PARIS — L’Oréal stock rose strongly Friday following news that Nestlé will sell its 10 percent stake in Givaudan, the Swiss fragrance and flavors supplier.

This story first appeared in the December 9, 2013 issue of WWD. Subscribe Today.

The French beauty giant closed the day up 3.6 percent to 126.80 euros, or $173.64 at current exchange, as market speculation percolated yet again that Nestlé could divest its 29.3 percent stake in L’Oréal in April, once a shareholder pact expires.

As reported, Goldman Sachs is managing the sale of 926,562 shares of Givaudan through an accelerated book-building transaction. The stake is valued at about 1.1 billion Swiss francs, or $1.23 billion.

Nestlé acquired the company’s shares in 2002, when it sold the food ingredient concern FIS to Givaudan for a combination of cash and stock. “Nestlé has been very satisfied with its holding, but believes now is the appropriate time to divest,” the company said.

“It was not a strategic investment,” said Patrick Hasenböhler, an equity analyst at J. Safra Sarasin.

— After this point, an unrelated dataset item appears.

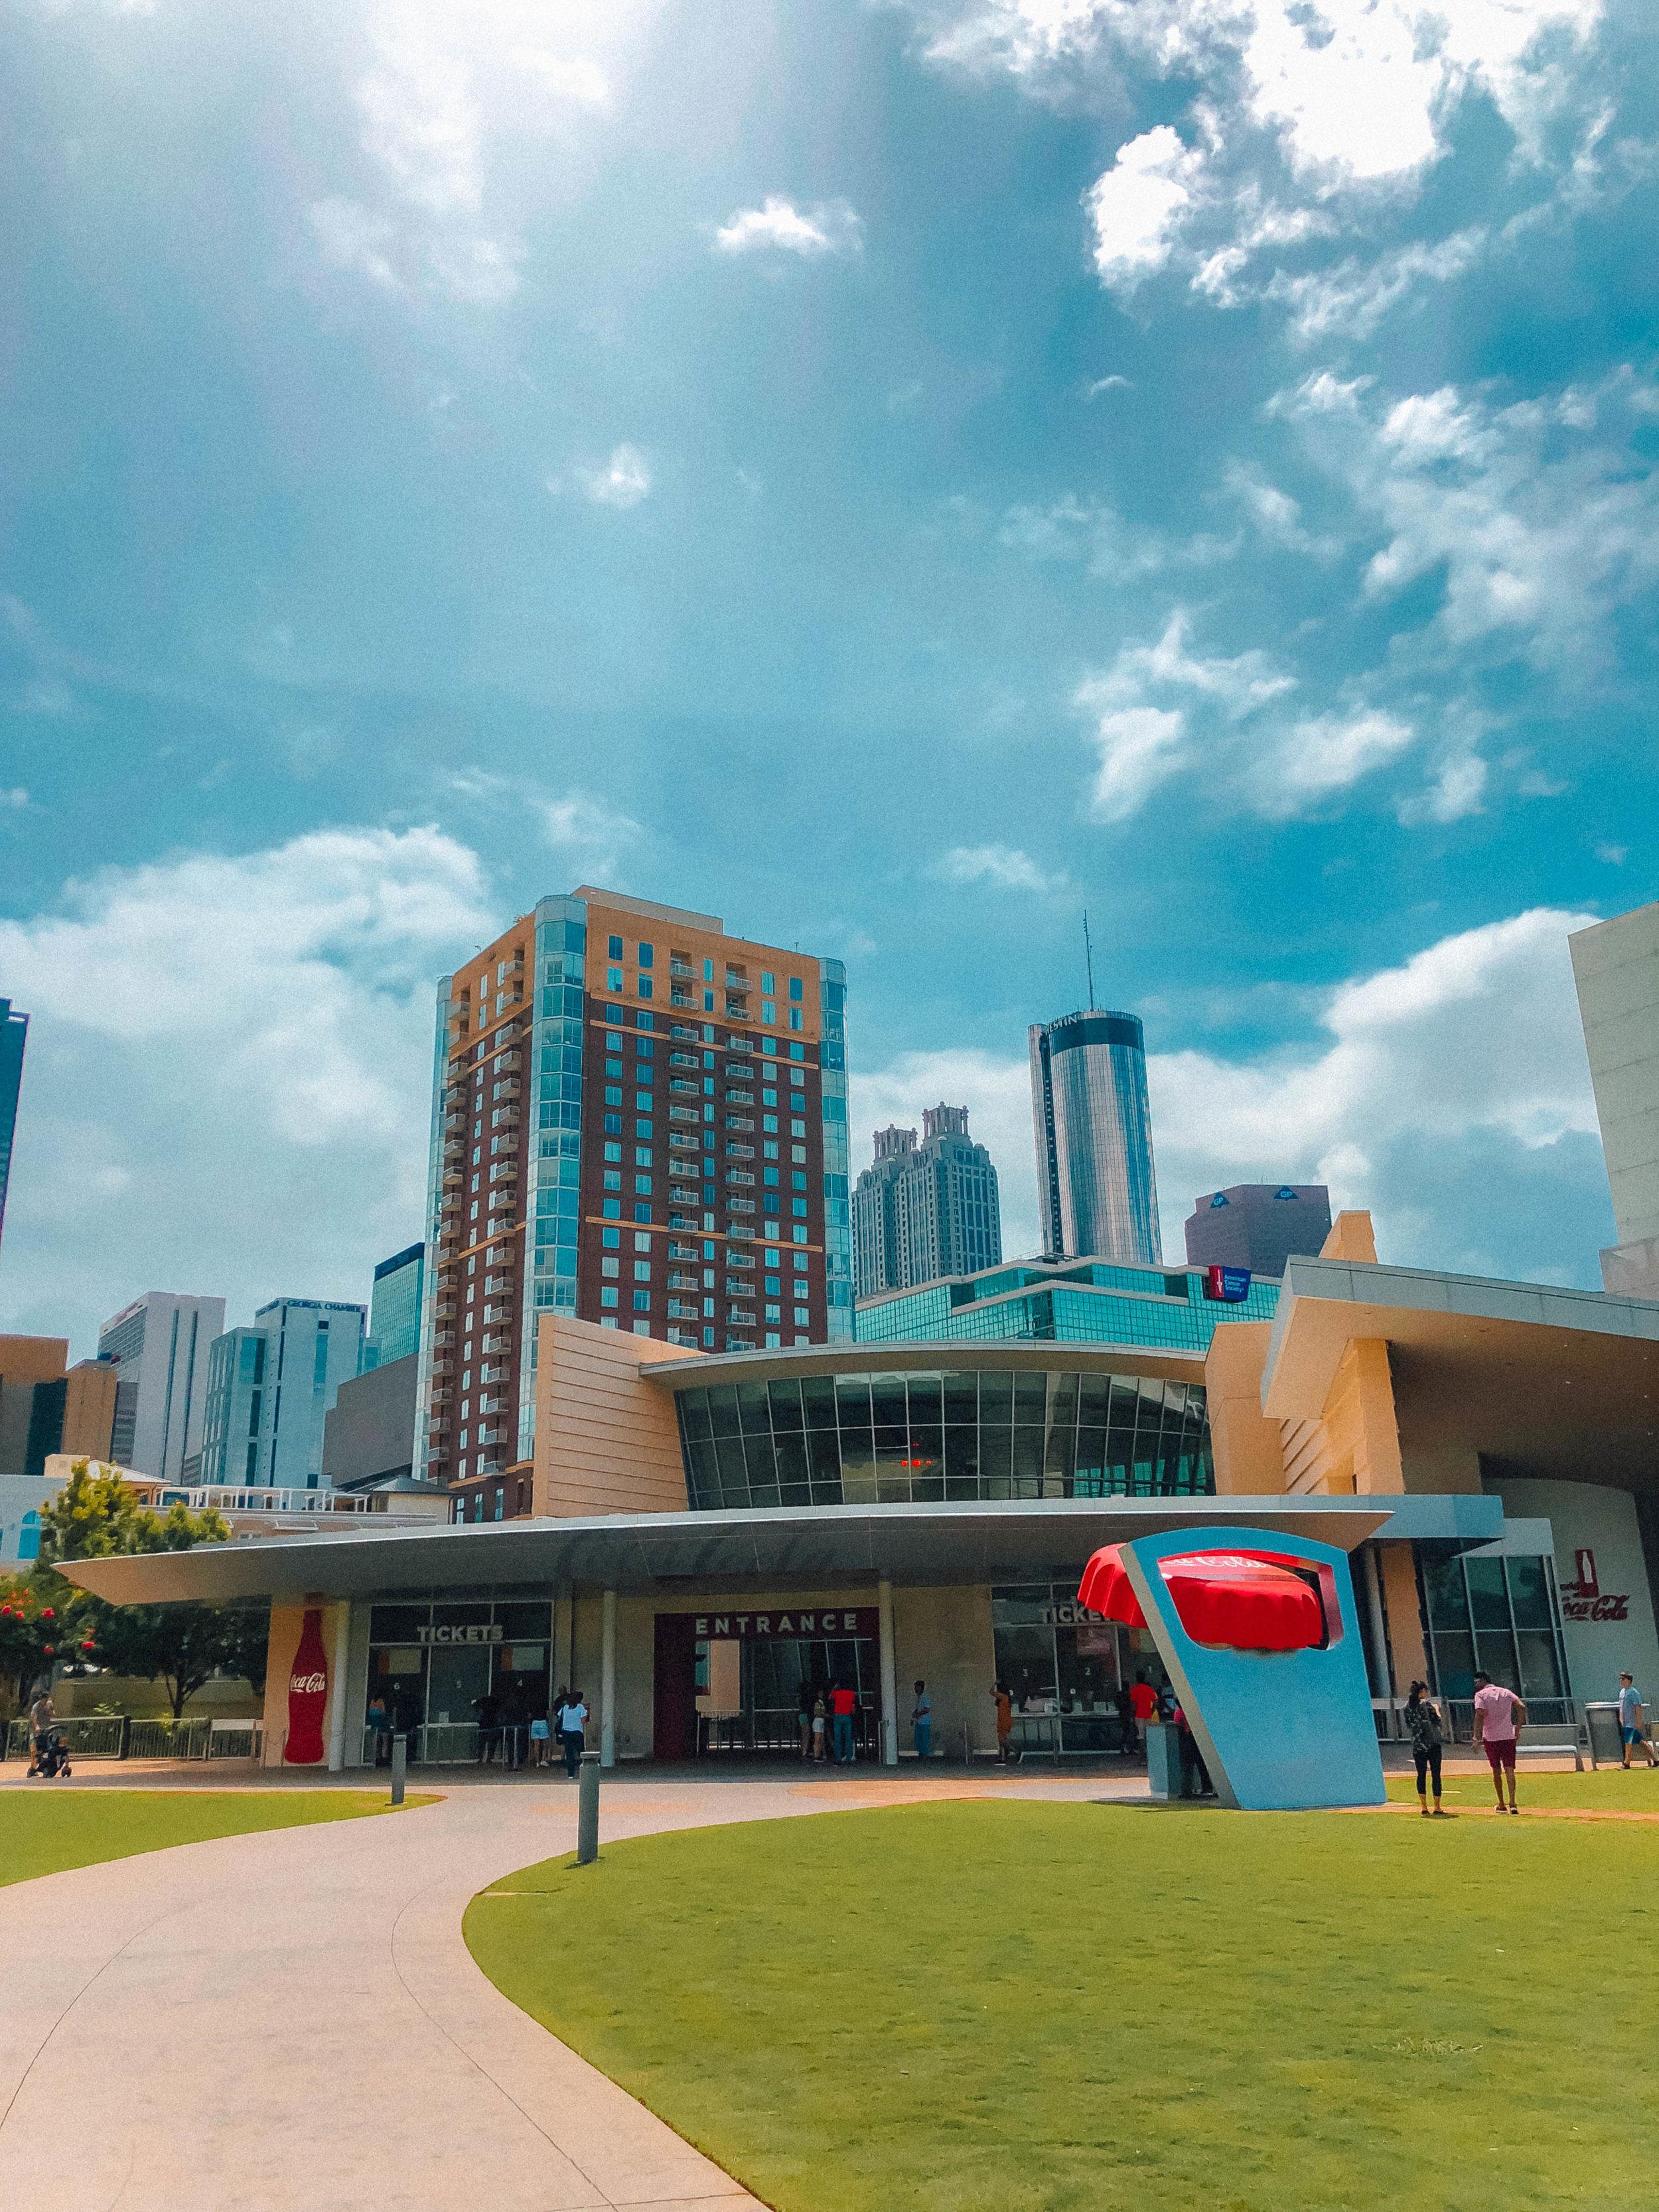 World of Coca-Cola | Things to Do in Atlanta | Jordan Hefler

In a note, the bank said Nestlé’s investment in Givaudan was a “success” and deemed it an appropriate time to sell the stake, since the company’s “valuation appears rather rich now, so the stock’s potential for making further gains appears limited, at least in the near term.”

Givaudan, meanwhile, closed down Friday 2.1 percent to 1,210 Swiss francs, or $1,354.35.

Nestlé is Givaudan’s second-largest shareholder, and the company recently sold most of its stake in Jenny Craig to North Castle Partners for an undisclosed sum. The news regarding Givaudan reignited speculation for some that Nestlé could sell its stake in L’Oréal.

“Nestlé has announced that it will make a decision in 2014 for its L’Oréal stake. However, we would read nothing from this sale [of Givaudan shares] into a possible decision concerning what Nestlé will do,” said J. Safra Sarasin in the note. “Sale to L’Oréal or maintenance of status quo are the likeliest scenarios.”

The bank also reiterated its neutral rating on Givaudan and Nestlé.

For L’Oréal’s part, company chairman and chief executive officer Jean-Paul Agon neither confirmed nor denied during a financial analyst meeting in August that the French beauty giant might buy back Nestlé’s stake in the firm. He said L’Oréal has considerable financial wherewithal due to a 9 percent stake in Sanofi, the French pharmaceutical concern whose 2012 sales were 34.95 billion euros, or $44.94 billion at average exchange, and positive cash.

“We will see what the opportunities are to use it, but I am confident there will be opportunities,” he said at the time. “We’ve always said that our stake in Sanofi was financial, not strategic. We could use it if an opportunity were to arise.”

Over the past few months, L’Oréal has been acquisitive. It purchased men’s skin-care brand Nickel, and the company has been in talks with Shiseido Co. Ltd. to buy the Carita and Decléor brands, for instance.

At L’Oréal, the existing shareholder agreement stipulates that neither Nestlé nor the Bettencourt family, which owns 30.5 percent of the French beauty giant, can increase its stake in L’Oréal during the lifetime of Liliane Bettencourt, the daughter of the company’s founder who is now 91, and six months after her death. However, the parties are free to sell their shares, each of them having conceded the other the right of first refusal until April 24, 2014. Following that date, the parties may offer the stakes to any third entity.